SBA certifications. If you are pursuing 8(a), HUBZone, WOSB, or SDVOSB set-asides, your certification must be active in the SBA's certification database (certify.sba.gov). Contracting officers verify this before award. Applications for 8(a) take 90 days on average; HUBZone can run 60–90 days. Start early.
DUNS/UEI. The transition from DUNS to Unique Entity ID (UEI) is complete. Your UEI is generated through SAM.gov registration. Make sure it matches across all federal systems.
Past performance in CPARS. For contracts above the simplified acquisition threshold ($250K), your performance will be rated in the Contractor Performance Assessment Reporting System. Ratings follow you. Strong CPARS on small contracts positions you for larger ones.
Practical first steps
If you have never sold to EPA before, here is a sequenced path that wastes the least time:
- Confirm your NAICS codes match EPA's spend categories. Pull the FPDS data for EPA awards in your primary NAICS code for the last two fiscal years. If EPA does not buy much in that code, adjust your positioning before you spend months pursuing them.
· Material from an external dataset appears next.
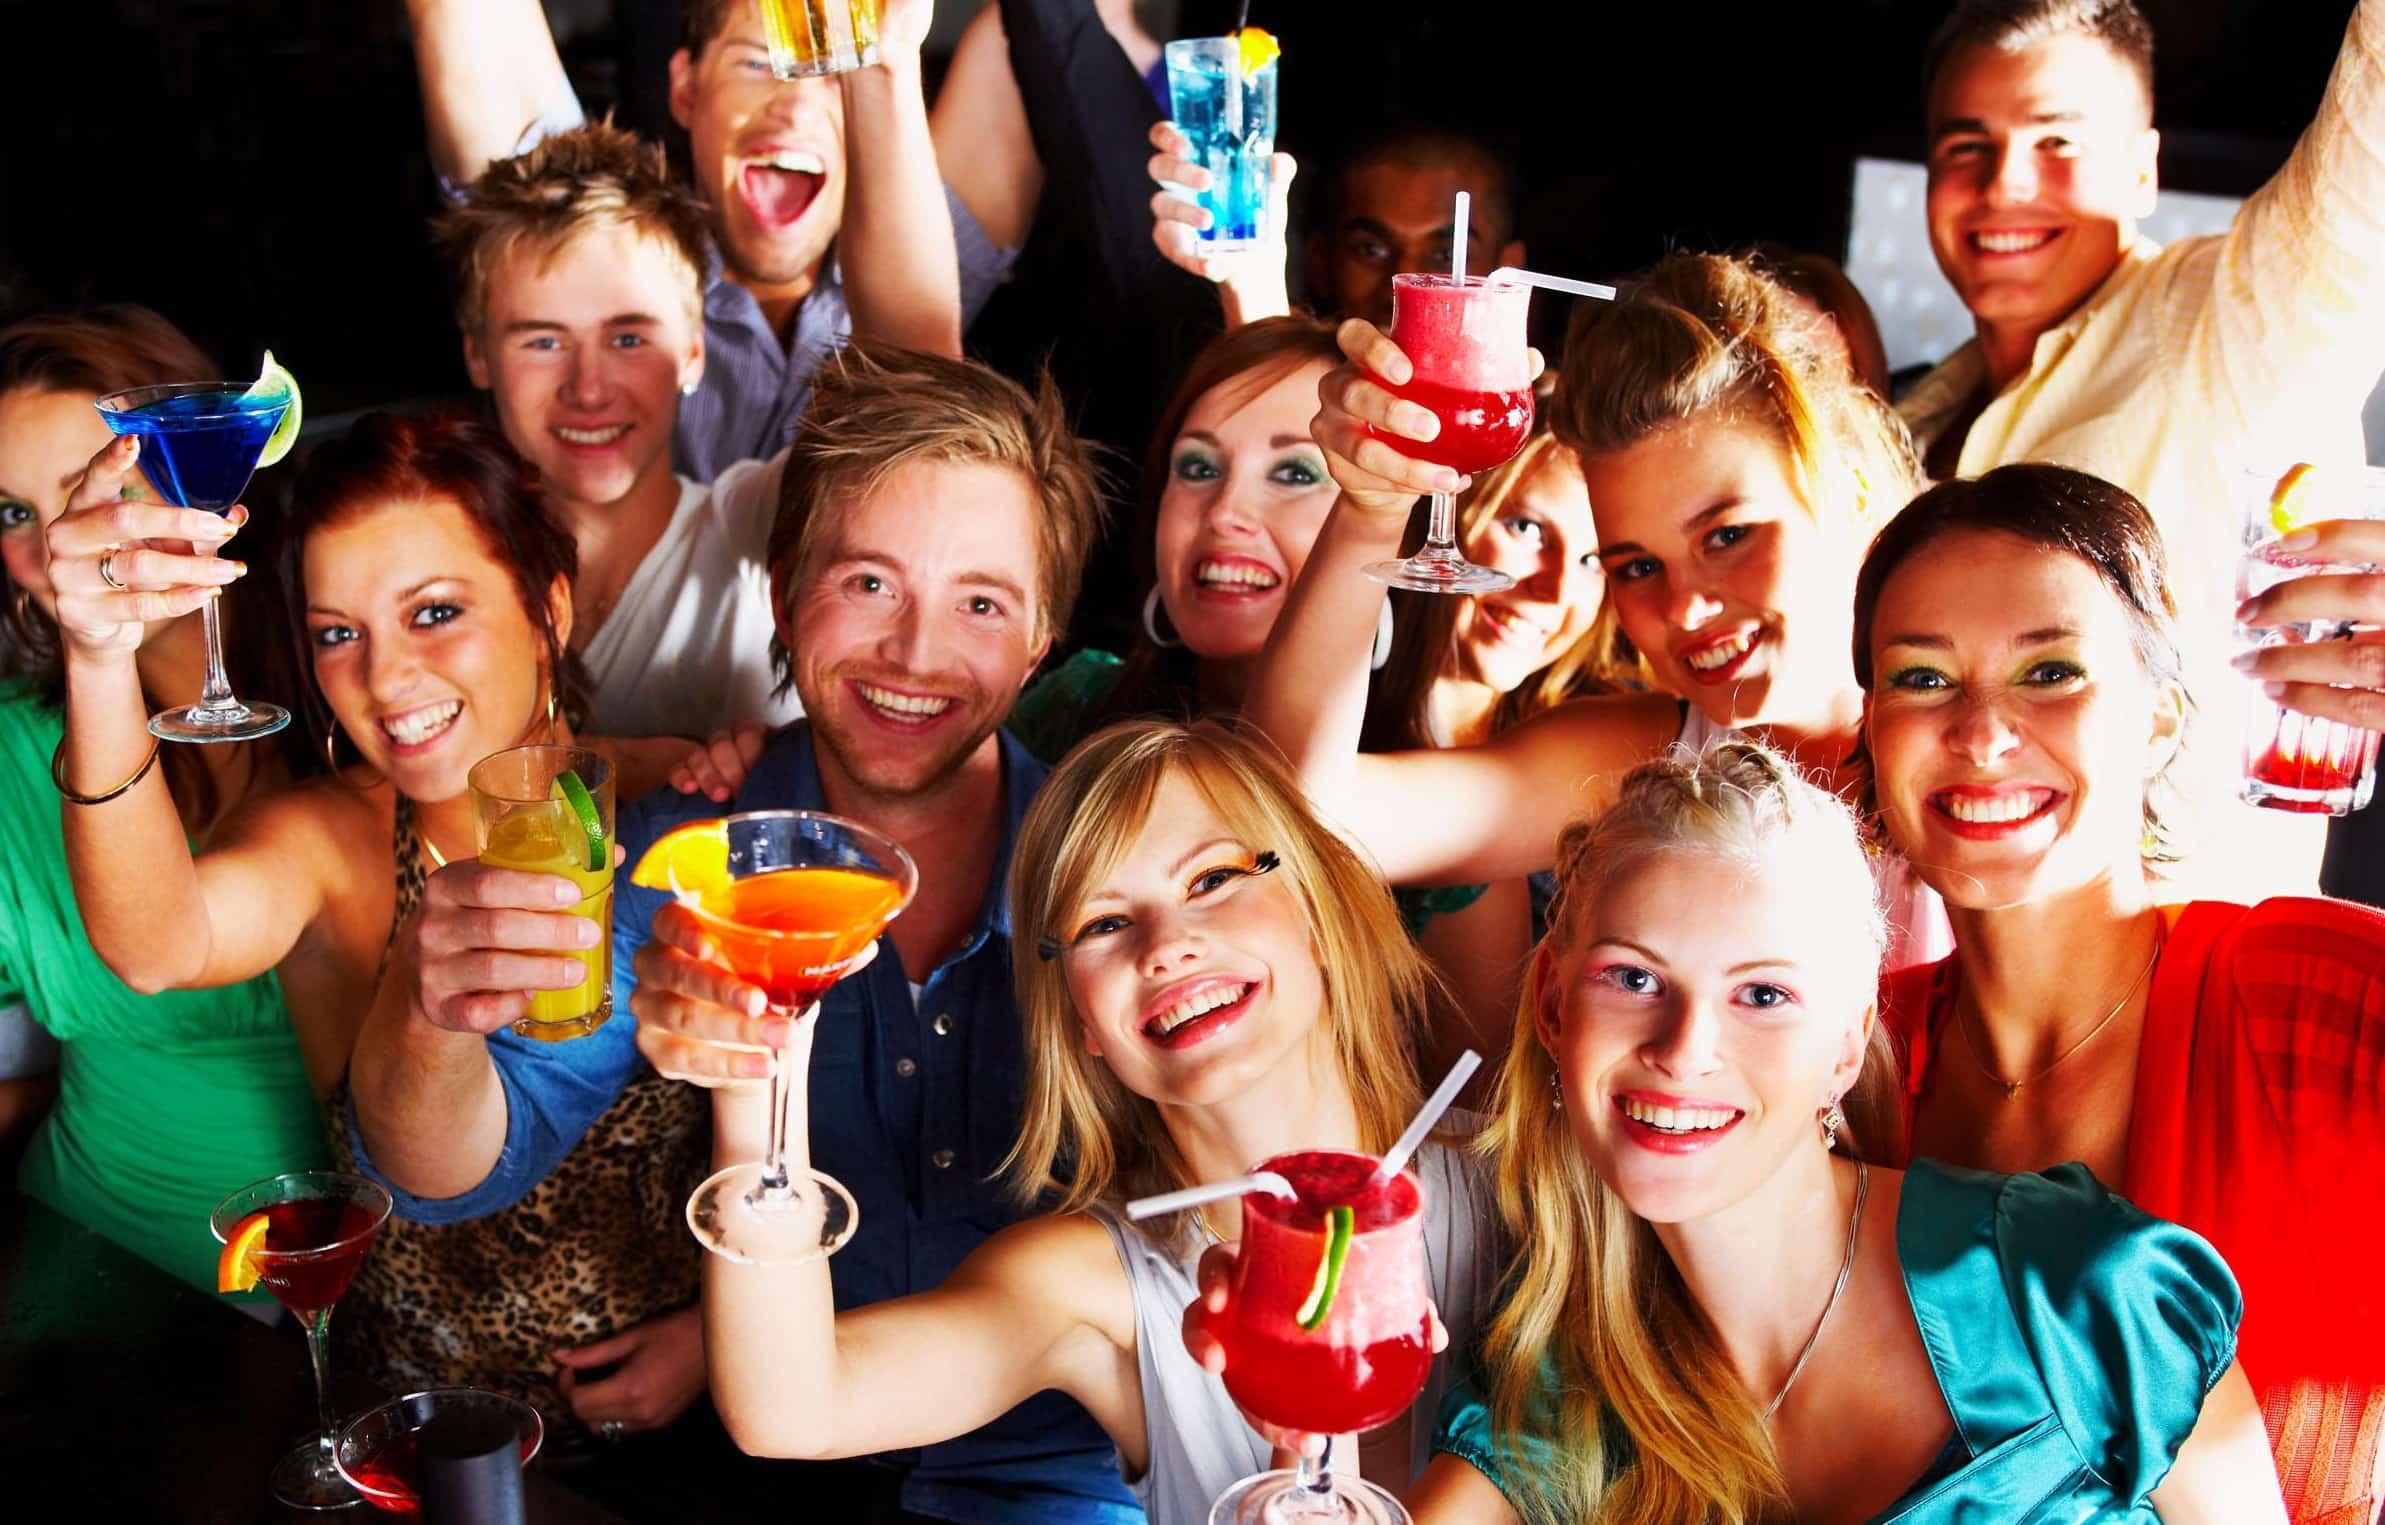 festa de comemoração do dia dos solteiros entre grupo

- Get current on certifications. If you qualify for 8(a), HUBZone, WOSB, or SDVOSB, apply now. The lead times are real. A certification you start today may not be active for 60–90 days.
- Contact EPA's OSDBU. Send a brief introduction email with your UEI, NAICS codes, certifications, and a one-paragraph description of your specific capability. Ask about upcoming outreach events. This is not a sales call; it is a relationship-building contact.
- Identify one recompete opportunity. Search FPDS for an EPA contract in your space that expires within 18 months. Track it on SAM.gov. When the solicitation drops, you will be ready.
- Reach out to one prime contractor's subcontracting coordinator. Pick the prime with the most EPA contract dollars in your NAICS code. Send a capability statement. Request a 20-minute call.
- Attend one EPA industry day or OSDBU event. In-person or virtual, it puts you in front of contracting officers and program managers who will see your face before they see your proposal.
EPA is not a fast-moving agency. The acquisition cycle from solicitation to award frequently runs 6–12 months. The firms that win consistently started building relationships 18 months before the contract hit SAM.gov.